What are three drawbacks to owning rental real estate? ›

The drawbacks of having rental properties include a lack of liquidity, the cost of upkeep, and the potential for difficult tenants and for the neighborhood's appeal to decline.

Why everyone should own at least one rental property? ›

Owning real estate simply means that you have an income generating asset that will continue to generate income virtually forever. Unless you destroy the property, burn it down, or sell it, you'll always have this income producing asset that will work for you as long as you maintain it.

What are the pros and cons of renting vs owning? ›

Renting offers flexibility, predictable monthly expenses, and someone to handle repairs. Homeownership brings intangible benefits, such as a sense of stability and pride of ownership, along with the tangible ones of tax deductions and equity.

How stressful is rental property? ›

However, don't jump into the rental property game without seeing that there are negatives and it can get very stressful. People often overlook things like times of vacancy, residents who don't pay rent, and maintenance issues. Real Estate provides no shortage of opportunities for stress.

What are landlords biggest fears? ›

Disruptive tenants, unpaid rent, and property damage are common fears for landlords.

What is the 2 rule for rental properties? ›

The 2% rule is a rule of thumb that determines how much rental income a property should theoretically be able to generate. Following the 2% rule, an investor can expect to realize a positive cash flow from a rental property if the monthly rent is at least 2% of the purchase price.

How much monthly profit should you make on a rental property? ›

It is generally recommended to aim for an ROI of 10-15%. However, the ROI that is considered “good” or “bad” is dependent on an individual's financial standing and the particular property they choose to invest in.

What is the 4 3 2 1 rule in real estate? ›

Analyzing the 4-3-2-1 Rule in Real Estate

This rule outlines the ideal financial outcomes for a rental property. It suggests that for every rental property, investors should aim for a minimum of 4 properties to achieve financial stability, 3 of those properties should be debt-free, generating consistent income.

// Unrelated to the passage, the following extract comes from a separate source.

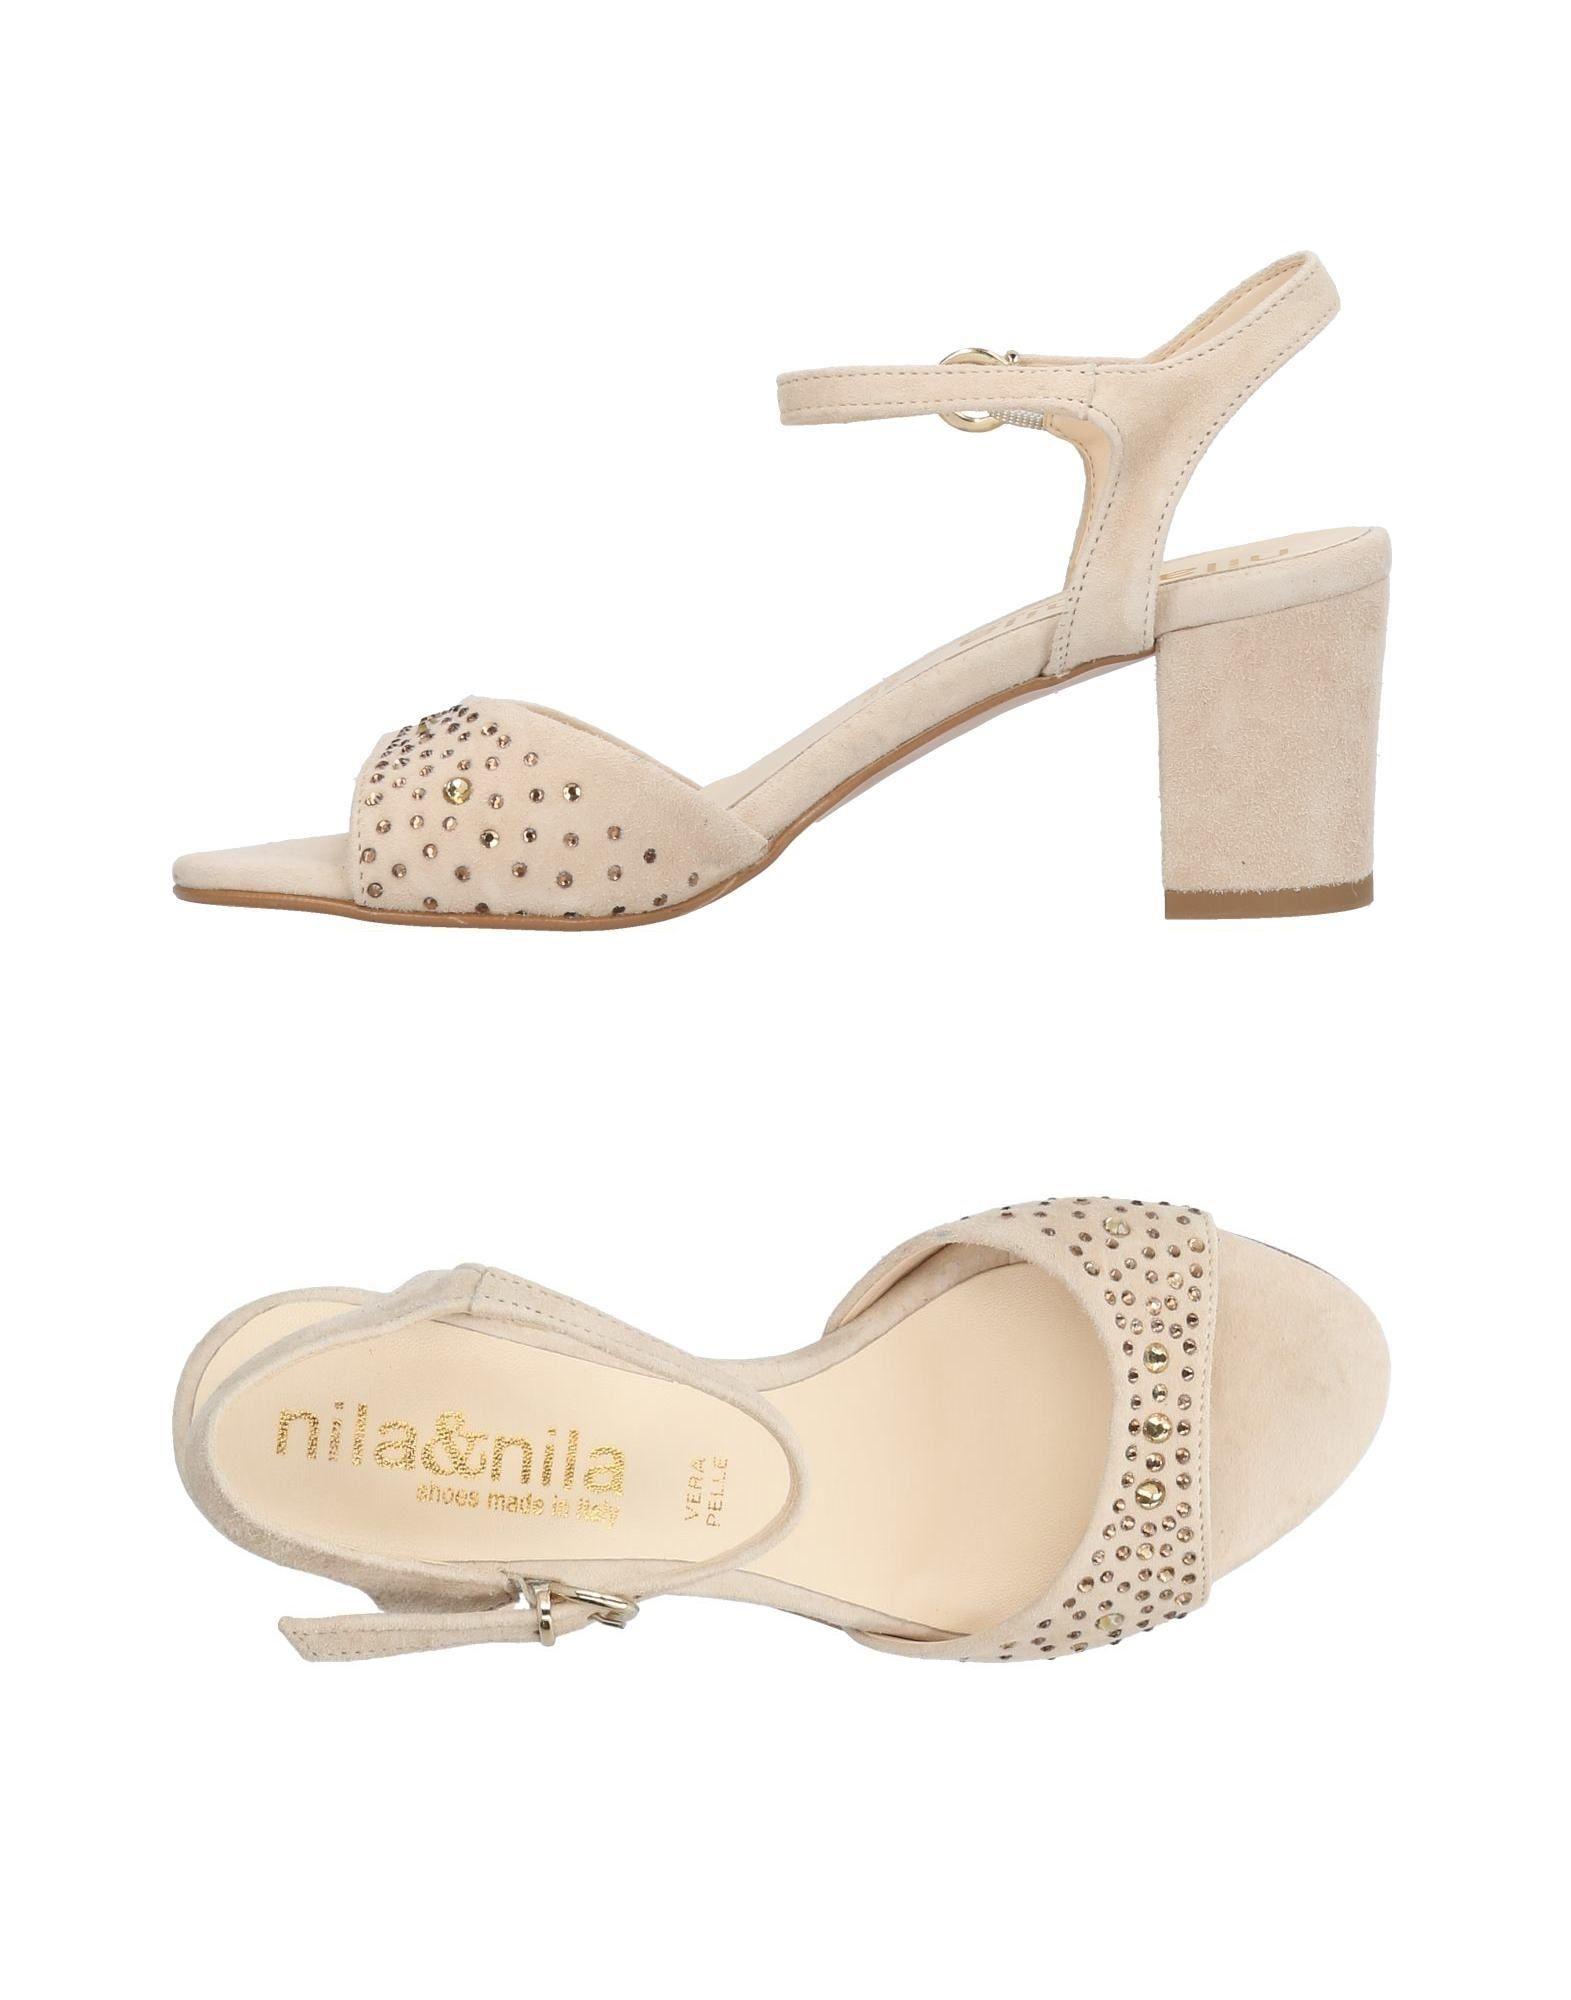 Nila & Nila Sandalen Damen  11443382QI Gute Qualität beliebte Schuhe

Is it smarter to rent or own? ›

A common rule of thumb is if you plan to stay in the home for five to seven years, buying is a good option. Anything shorter than that may make it a less optimal investment. Stage of life is another significant lifestyle factor to consider.

How much can I afford with a 50k salary? ›

On a 50k salary, how much mortgage could you afford? According to this rule of thumb, you could afford $125,000 ($50,000 x 2.5). Let's say you have a 4.5 percent interest rate and choose a 30-year mortgage. Your monthly mortgage payment would be $633.

Why is owning more expensive than renting? ›

Higher mortgage rates and a nationwide housing shortage are key factors behind persistently high home prices, according to the CBRE report.

What is the biggest risk of real estate investment? ›

Real estate investing can be lucrative but it's important to understand the risks. Key risks include bad locations, negative cash flows, high vacancies, and problematic tenants.

How risky is being a landlord? ›

You may have a tenant who damages the property, requiring you to shell out good money to fix the place up again. A tenant who doesn't pay is a big risk due to the costly process of evicting them, in addition to finding a new tenant which is a process that is both expensive and time-consuming.

What are the at risk rules for rental property? ›

At-risk rules apply to rentals by limiting the amount of loss a taxpayer can claim on rental property to the amount of money they have invested in the property, plus any borrowed money that is secured by the property.” The purpose of these rules is to prevent taxpayers from claiming losses on rental property that ...

What is high risk in real estate? ›

Fraud. The fact of the matter is that there is a higher than average risk of real estate fraud and criminality. Identity theft, misrepresentation, falsification of documents, and more are known to happen.